As you restate the entries, keep every word intact and leave out whatever images they hold.

Information shown:
·····

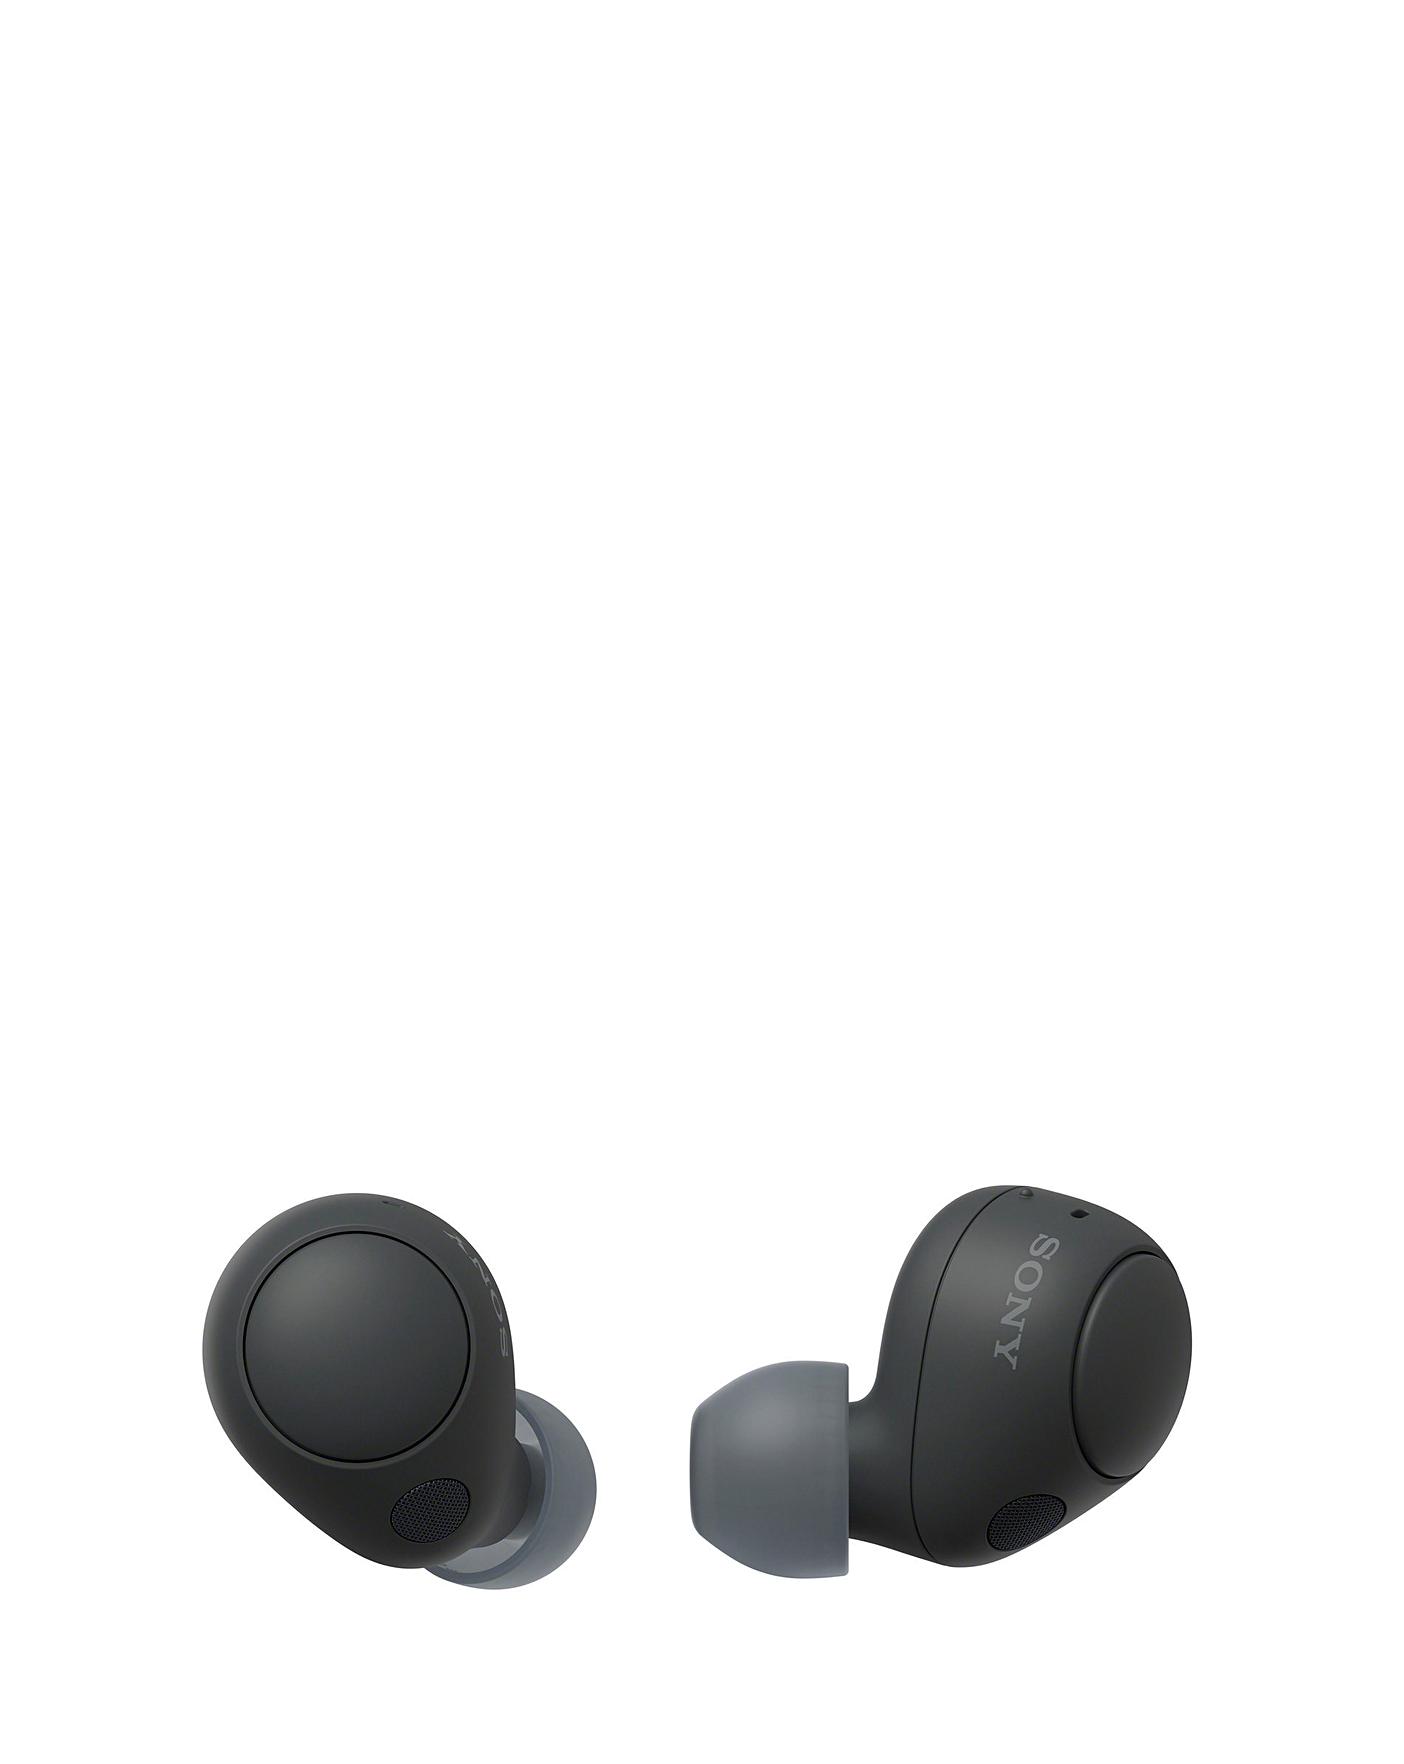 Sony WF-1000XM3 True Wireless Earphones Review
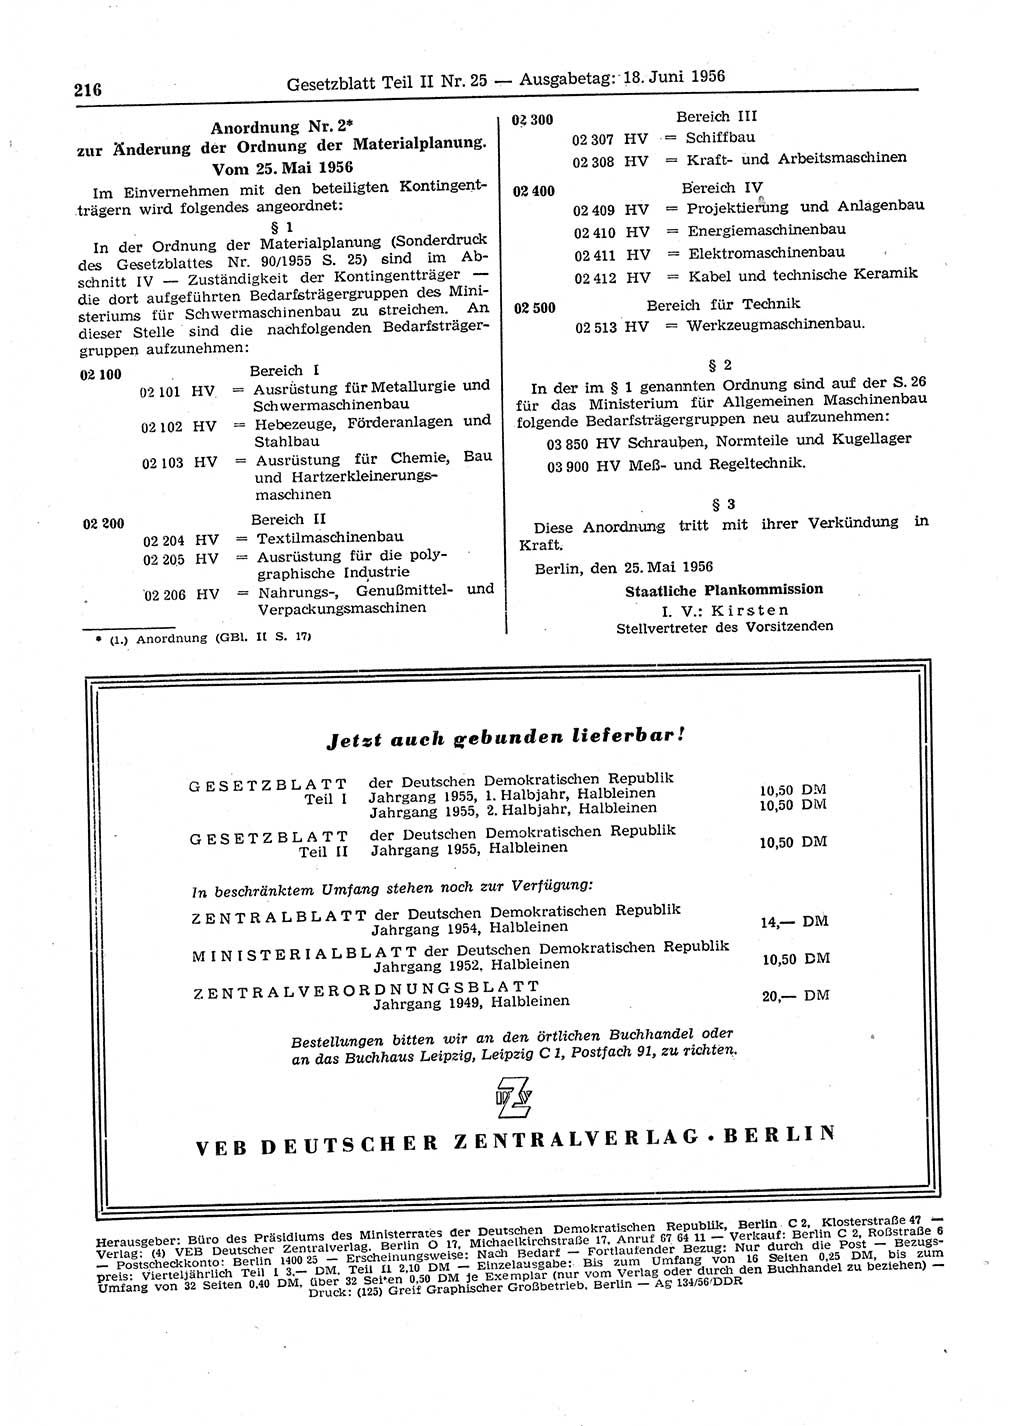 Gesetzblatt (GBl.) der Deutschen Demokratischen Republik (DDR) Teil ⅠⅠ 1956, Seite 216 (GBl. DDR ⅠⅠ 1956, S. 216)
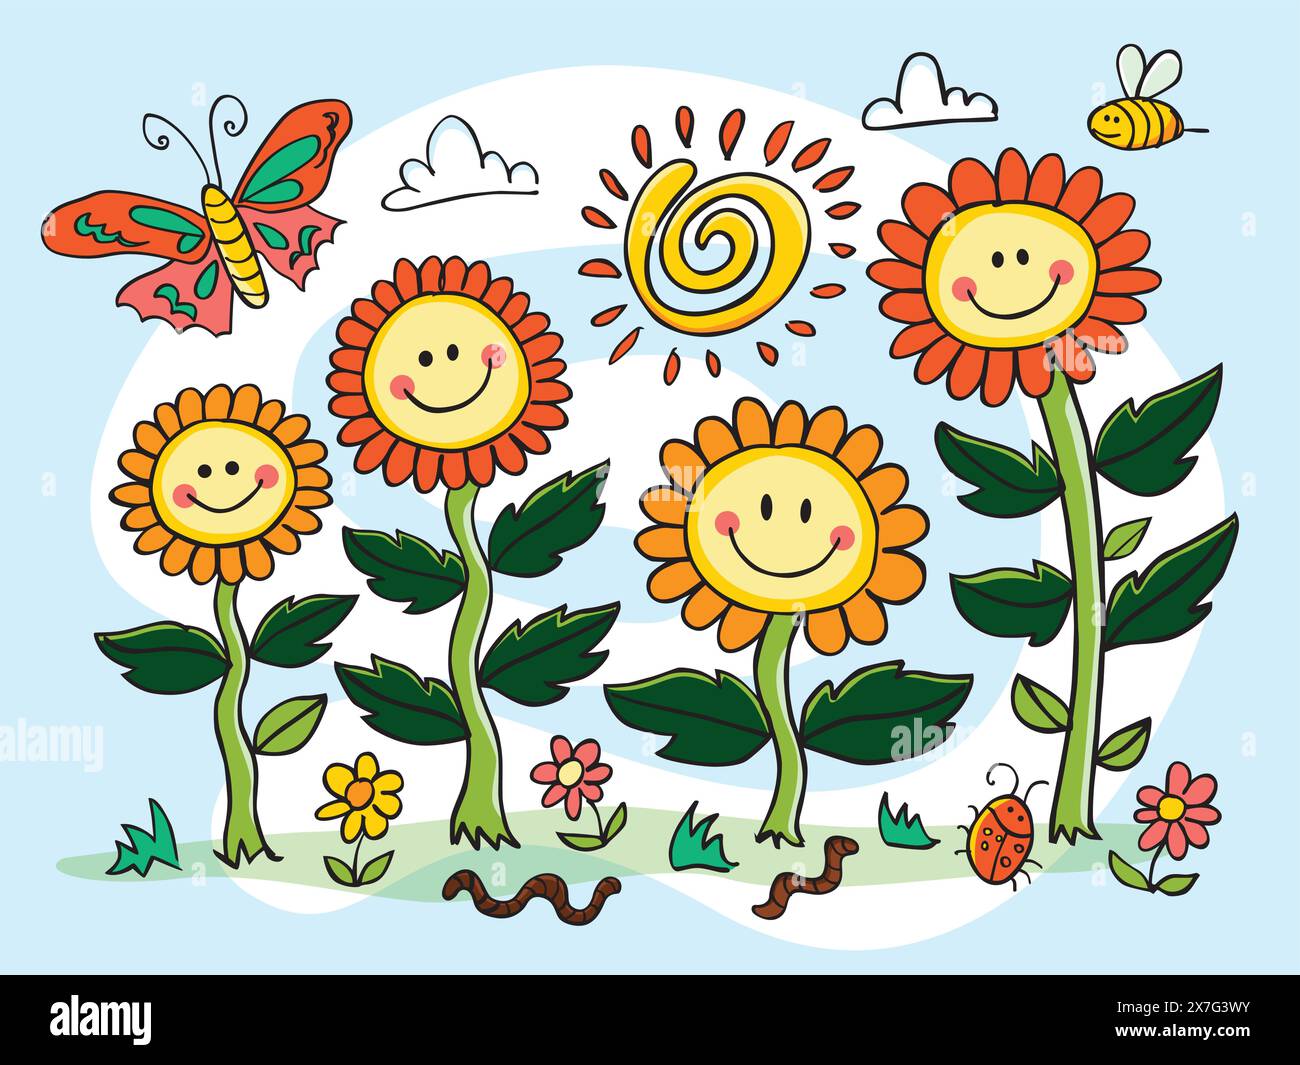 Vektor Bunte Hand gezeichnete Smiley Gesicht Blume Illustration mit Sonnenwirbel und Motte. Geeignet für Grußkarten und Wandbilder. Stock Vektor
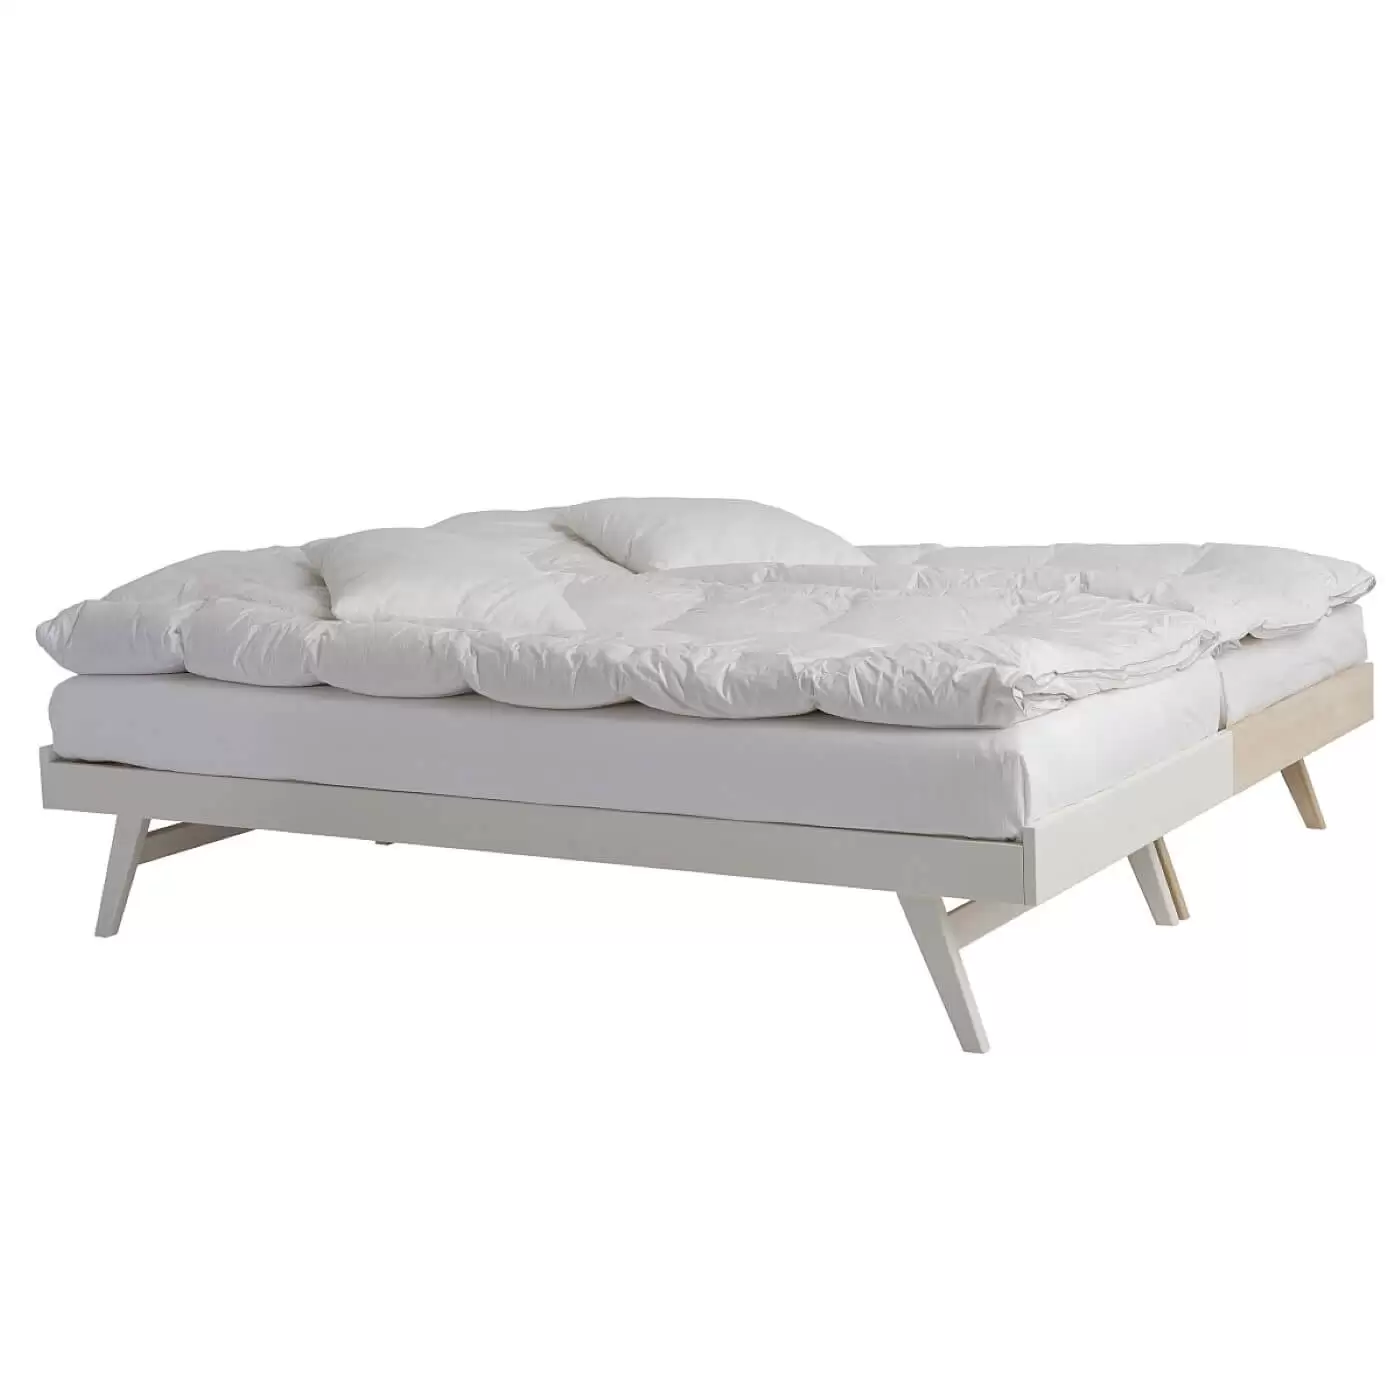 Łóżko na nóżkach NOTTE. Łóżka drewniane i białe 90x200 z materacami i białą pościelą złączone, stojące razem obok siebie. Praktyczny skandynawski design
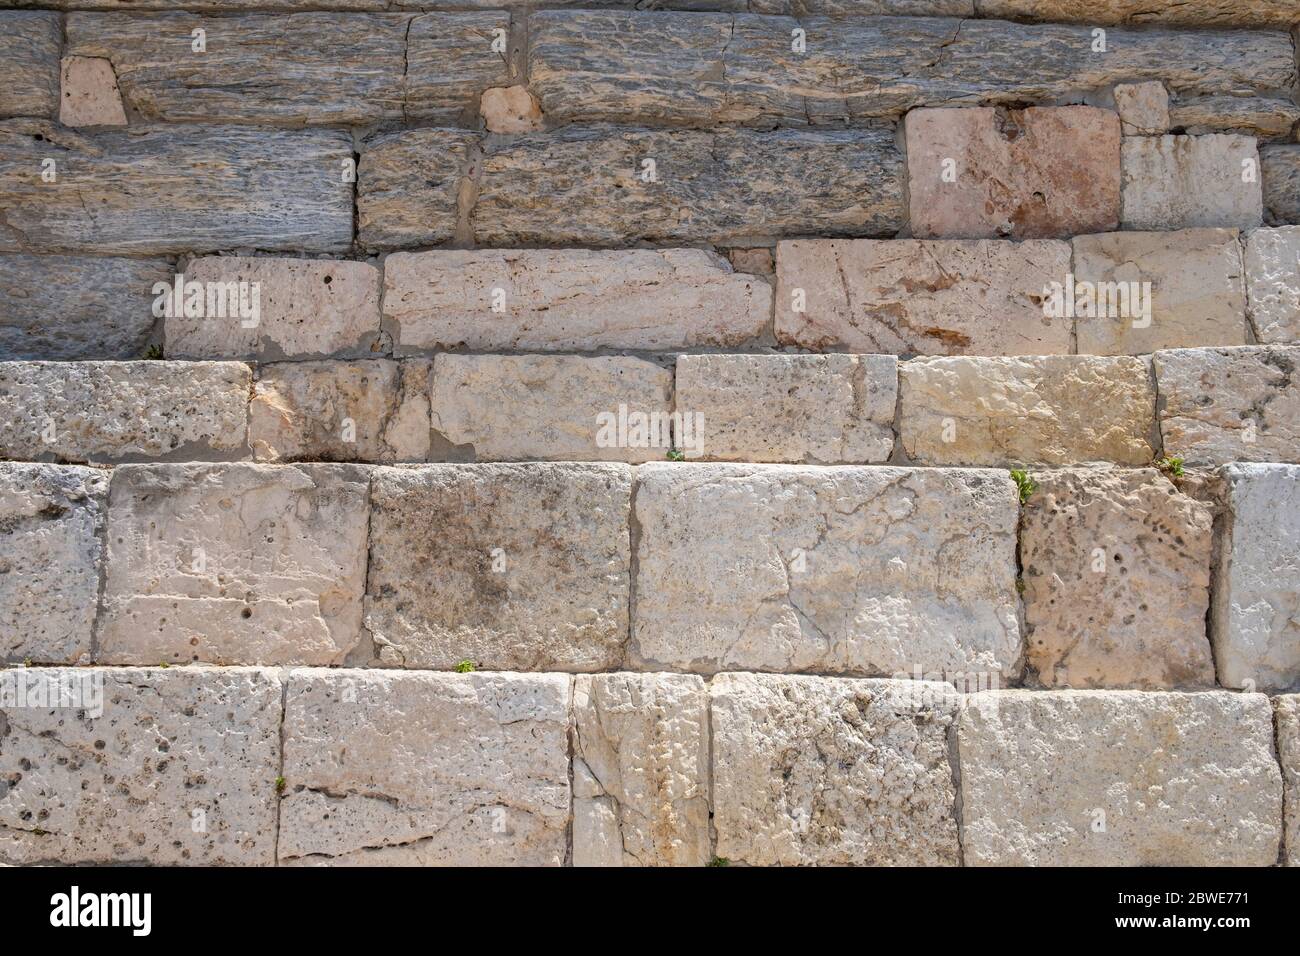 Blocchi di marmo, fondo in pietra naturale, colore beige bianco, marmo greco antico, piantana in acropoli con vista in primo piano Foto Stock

·····

Written solution:
 Sony WF-1000XM3 True Wireless Earphones Review
 Gesetzblatt (GBl.) der Deutschen Demokratischen Republik (DDR) Teil ⅠⅠ 1956, Seite 216 (GBl. DDR ⅠⅠ 1956, S. 216)
 Vektor Bunte Hand gezeichnete Smiley Gesicht Blume Illustration mit Sonnenwirbel und Motte. Geeignet für Grußkarten und Wandbilder. Stock Vektor
 Łóżko na nóżkach NOTTE. Łóżka drewniane i białe 90x200 z materacami i białą pościelą złączone, stojące razem obok siebie. Praktyczny skandynawski design
 Blocchi di marmo, fondo in pietra naturale, colore beige bianco, marmo greco antico, piantana in acropoli con vista in primo piano Foto Stock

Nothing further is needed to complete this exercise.